OpenShift's arbitrary UID has no entry in /etc/passwd, so HOME must be set explicitly. Without this, CLI tools may fail to locate their configuration directories.
5. Read-only virtual environment at runtime:
ENTRYPOINT ["uv", "run", "--no-sync", "uvicorn", "docsfy.main:app", "--host", "0.0.0.0", "--port", "8000"]
The --no-sync flag prevents uv from writing to the .venv directory, which may not be writable under an arbitrary UID.
OpenShift Deployment Checklist
- The container runs as
USER appuser(non-root) by default - All writable directories (
/data,/app,/home/appuser) are group-writable for GID 0 - No
VOLUMEinstruction is used in the Dockerfile — volume mounts are configured at deployment time - The container does not require any Linux capabilities or privilege escalation
- The
HOMEenvironment variable is explicitly set for arbitrary UID compatibility
Note: The AI CLI tools (Claude Code, Cursor Agent, Gemini CLI) are installed to
/home/appuser/.local/binand/home/appuser/.npm-global/bin.

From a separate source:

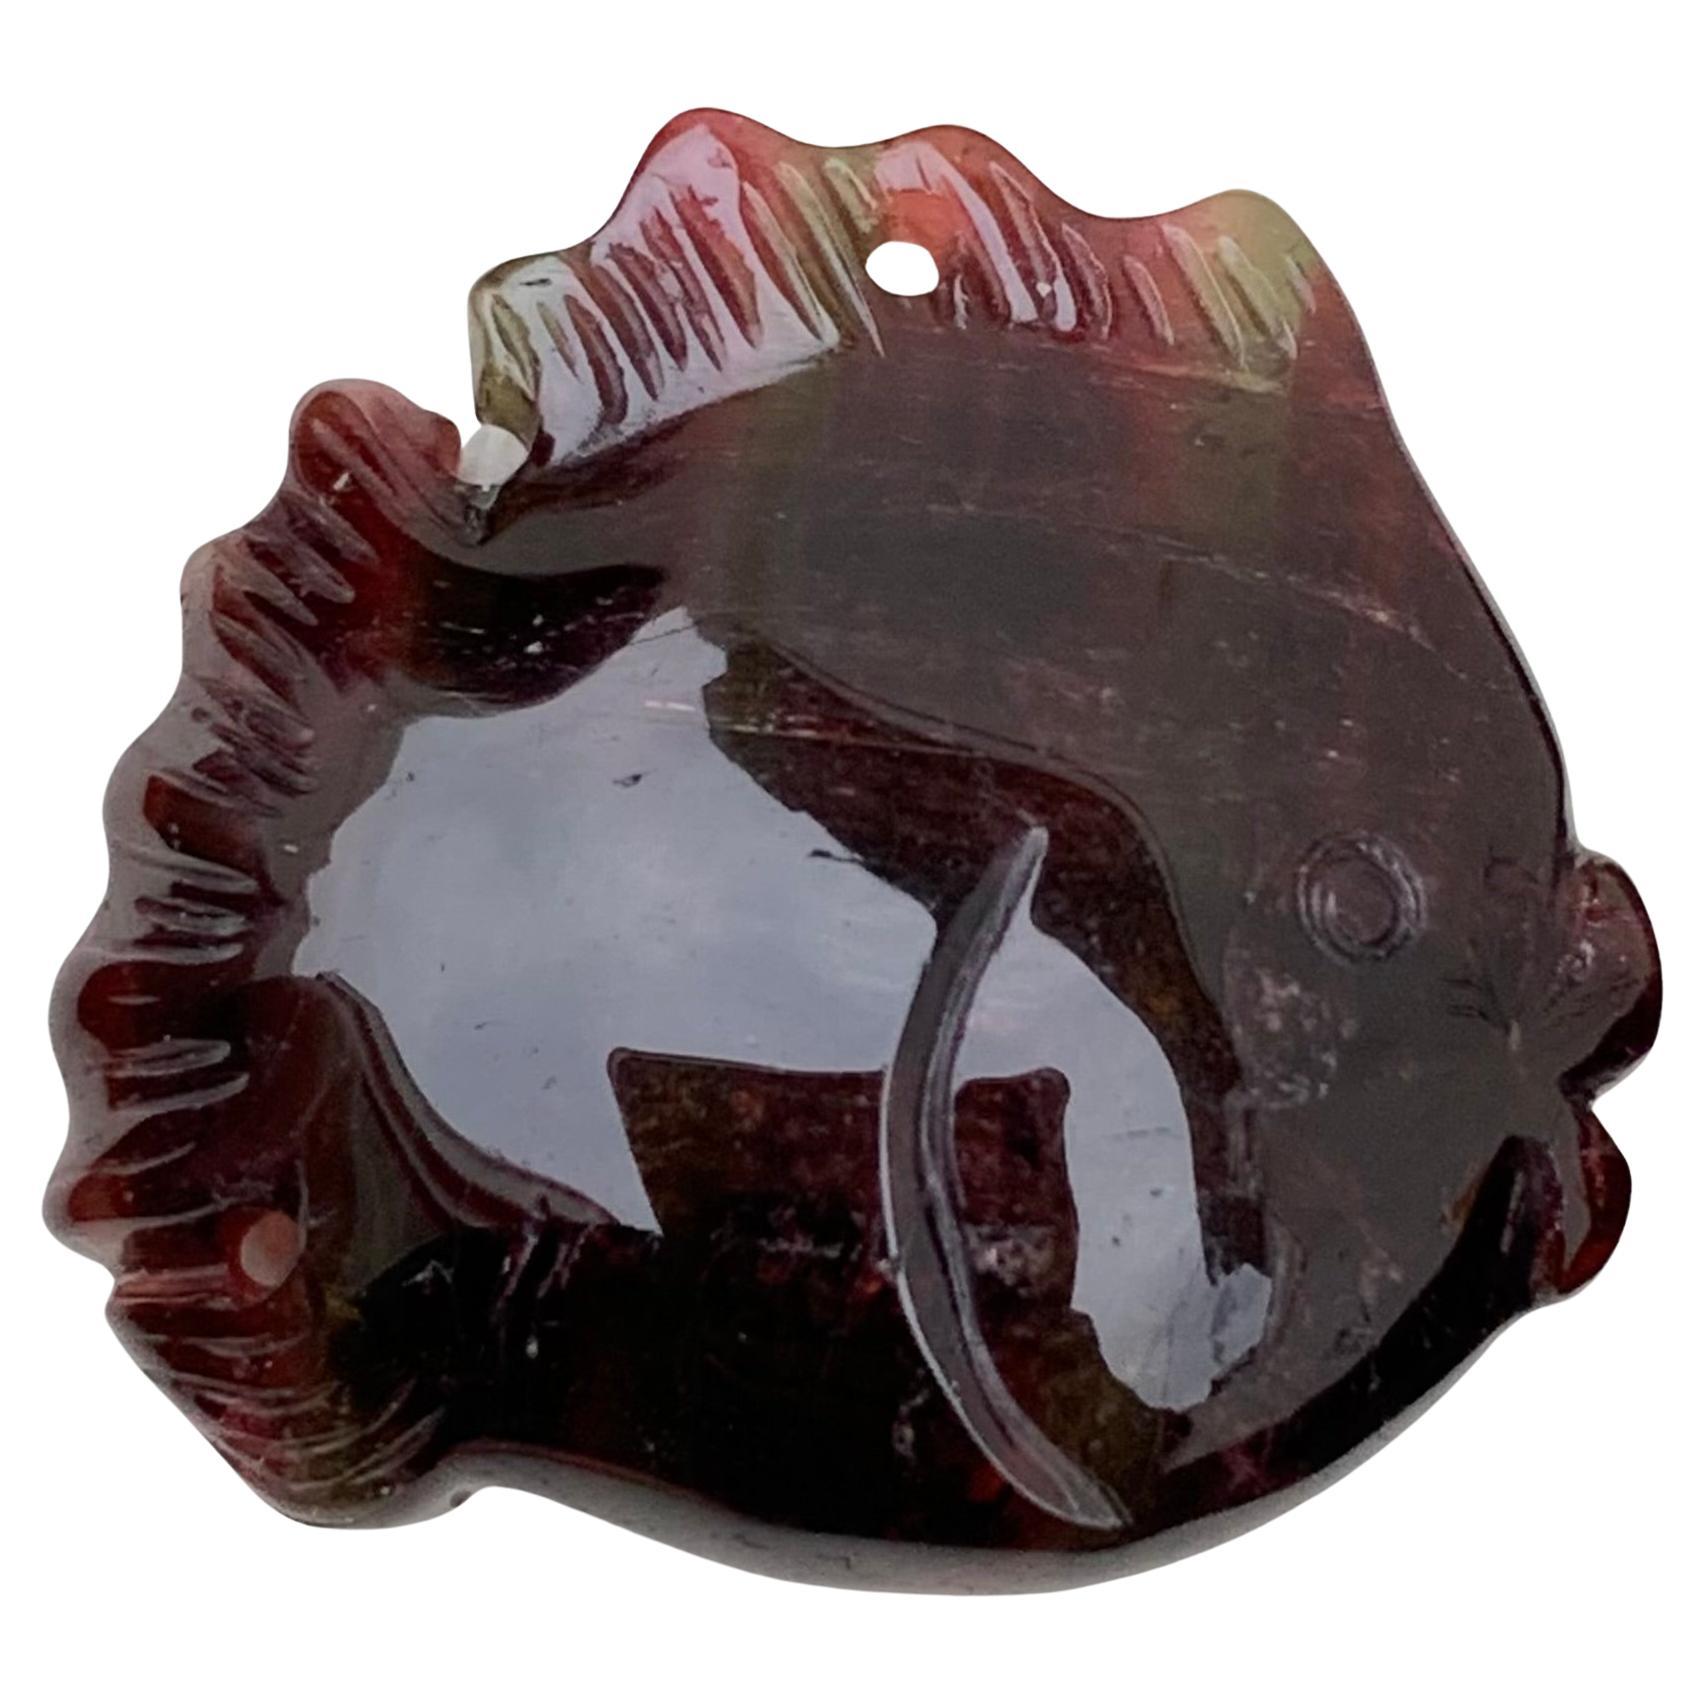 37.10 Carat Amazing Fish Shape Tri Colour Tourmaline Drilled Carving From Africa For Sale

Both paths are added toPATHso they remain accessible regardless of the runtime UID.
OpenShift DeploymentConfig Example
apiVersion: apps/v1
kind: Deployment
metadata:
name: docsfy
spec:
replicas: 1
selector:
matchLabels:
app: docsfy
template:
metadata:
labels:
app: docsfy
spec:
containers:
- name: docsfy
image: docsfy:latest
ports:
- containerPort: 8000
envFrom:
- secretRef:
name: docsfy-env
volumeMounts:
- name: data
mountPath: /data
livenessProbe:
httpGet:
path: /health
port: 8000
initialDelaySeconds: 10
periodSeconds: 30
readinessProbe:
httpGet:
path: /health
port: 8000
initialDelaySeconds: 5
periodSeconds: 10
resources:
requests:
memory: "256Mi"
cpu: "250m"
limits:
memory: "1Gi"
cpu: "1000m"
volumes:
- name: data
persistentVolumeClaim:
claimName: docsfy-data
Troubleshooting
Container starts but health check fails
The application takes a moment to initialize the database on first start. If health checks fail immediately after startup, increase the initialDelaySeconds for probes or wait for the startup to complete:
docker compose logs -f docsfy
Look for the uvicorn startup log message confirming the server is listening.
Permission denied errors on /data
If you see permission errors when using a bind mount, ensure the host directory has appropriate permissions:
mkdir -p data
chmod 775 data
On SELinux-enabled systems (Fedora, RHEL), you may need to add the :z volume flag:
volumes:
- ./data:/data:z
AI CLI not found at runtime
Verify the CLIs are installed and accessible inside the container:
docker compose exec docsfy bash -c 'echo $PATH'
docker compose exec docsfy which claude
docker compose exec docsfy which gemini
The expected PATH includes /home/appuser/.local/bin and /home/appuser/.npm-global/bin.